Activated Output After Training:
[[0.9994418 ]
 [0.99382226]
 [0.99381485]
 [0.00799854]]


## Implement your own Perceptron Class and use it to classify a binary dataset: 
- [The Pima Indians Diabetes dataset](https://raw.githubusercontent.com/ryanleeallred/datasets/master/diabetes.csv) 

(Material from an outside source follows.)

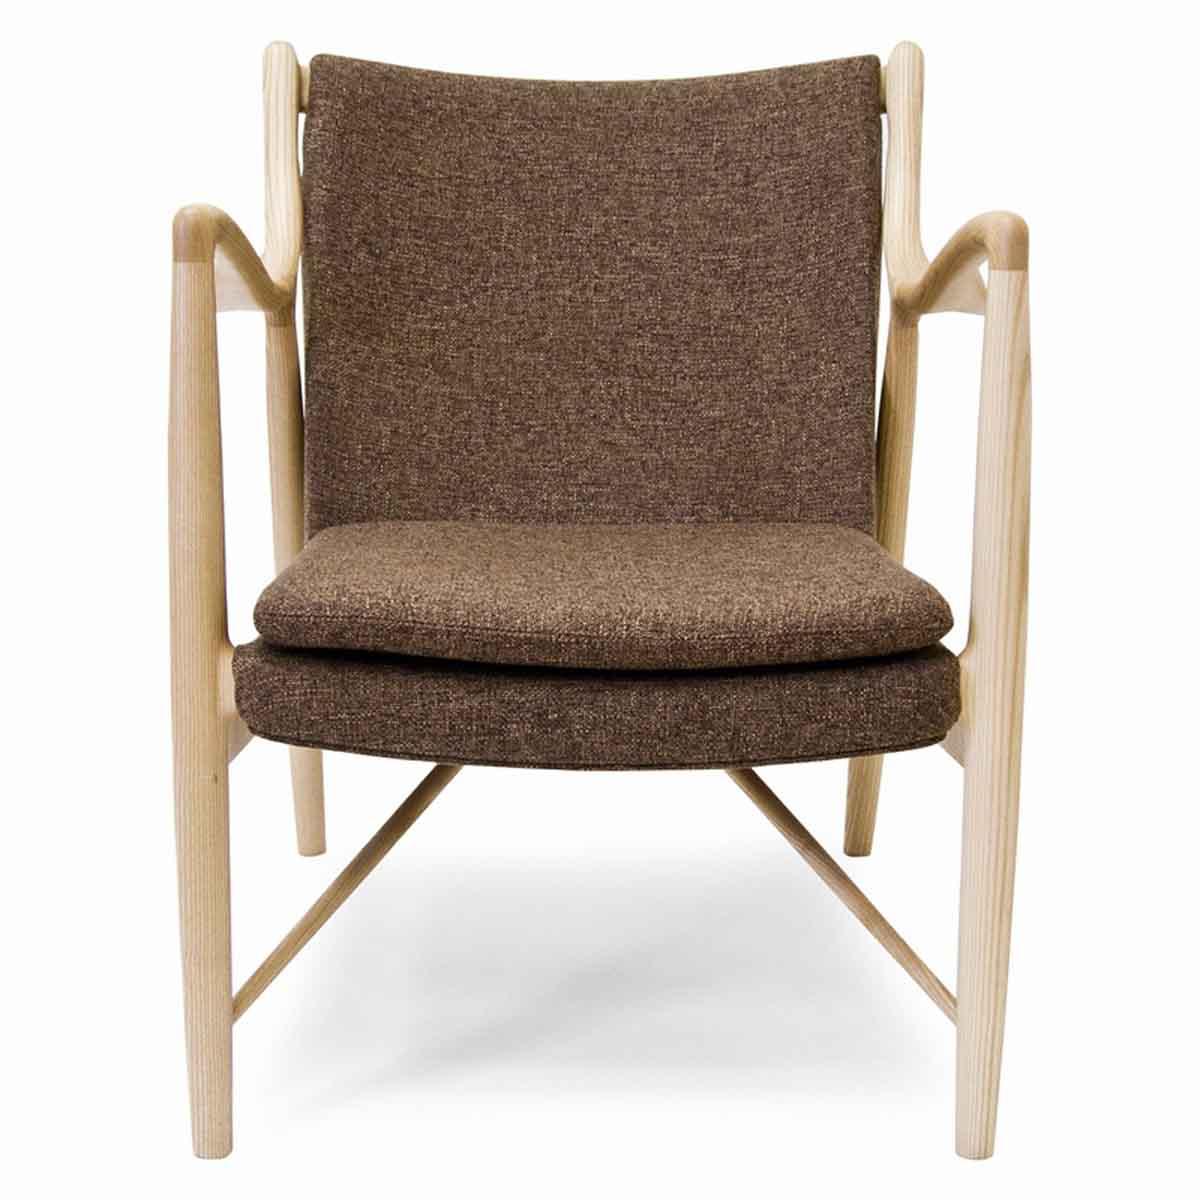 Peachy Finn Juhl 45 Chair Andrewgaddart Wooden Chair Designs For Living Room Andrewgaddartcom

You may need to search for other's implementations in order to get inspiration for your own. There are *lots* of perceptron implementations on the internet with varying levels of sophistication and complexity. Whatever your approach, make sure you understand **every** line of your implementation and what its purpose is.

In [9]:
diabetes = pd.read_csv('https://raw.githubusercontent.com/ryanleeallred/datasets/master/diabetes.csv')
diabetes.head()

Unnamed: 0,Pregnancies,Glucose,BloodPressure,SkinThickness,Insulin,BMI,DiabetesPedigreeFunction,Age,Outcome
0,6,148,72,35,0,33.6,0.627,50,1
1,1,85,66,29,0,26.6,0.351,31,0
2,8,183,64,0,0,23.3,0.672,32,1
3,1,89,66,23,94,28.1,0.167,21,0
4,0,137,40,35,168,43.1,2.288,33,1


Although neural networks can handle non-normalized data, scaling or normalizing your data will improve your neural network's learning speed. Try to apply the sklearn `MinMaxScaler` or `Normalizer` to your diabetes dataset. 

In [10]:
# Random test case
X_test = np.array([[6, 183, 66, 35, 94, 26.6, 0.672, 21]])
X_test

array([[  6.   , 183.   ,  66.   ,  35.   ,  94.   ,  26.6  ,   0.672,
         21.   ]])

In [0]:
from sklearn.preprocessing import MinMaxScaler, Normalizer

feats = list(diabetes)[:-1]

X = diabetes[feats]

scaler = MinMaxScaler()
scaler.fit(X)

X = scaler.transform(X)
X_test = scaler.transform(X_test)

y = np.array([diabetes['Outcome']]).T

In [12]:
X.shape, y.shape, X_test.shape

((768, 8), (768, 1), (1, 8))

In [13]:
X_test

array([[0.35294118, 0.91959799, 0.54098361, 0.35353535, 0.11111111,
        0.39642325, 0.25362938, 0.        ]])

In [0]:
##### Update this Class #####

class Perceptron:
    
    def __init__(self, niter = 10):
        self.niter = niter
    
    def __sigmoid(self, x):
        return 1/(1 + np.exp(-x))
    
    def __sigmoid_derivative(self, x):
        sx = sigmoid(x)
        return sx * (1 - sx)

    def fit(self, X, y):
      """Fit training data
      X : Training vectors, X.shape : [#samples, #features]
      y : Target values, y.shape : [#samples]
      """

      # Randomly Initialize Weights
      self.weights = 2*np.random.random((8, 1)) -1

      for i in range(self.niter):
          # Weighted sum of inputs / weights
          weighted_sum = np.dot(X, self.weights)
          # Activate!
          act_output = sigmoid(weighted_sum)
          # Cac error
          error = np.subtract(y, act_output)
          # Update the Weights
          adjustments = error*sig_deriv(weighted_sum)
          self.weights += np.dot(X.T, adjustments)

    def predict(self, X):
      weighted_sum = np.dot(X, self.weights)
      act_output = sigmoid(weighted_sum)
      return act_output

In [0]:
nn = Perceptron()

In [0]:
nn.fit(X, y)

In [17]:
nn.predict(X_test)

array([[4.48220116e-26]])

## Stretch Goals:

- Research "backpropagation" to learn how weights get updated in neural networks (tomorrow's lecture). 
- Implement a multi-layer perceptron. (for non-linearly separable classes)
- Try and implement your own backpropagation algorithm.
- What are the pros and cons of the different activation functions? How should you decide between them for the different layers of a neural network?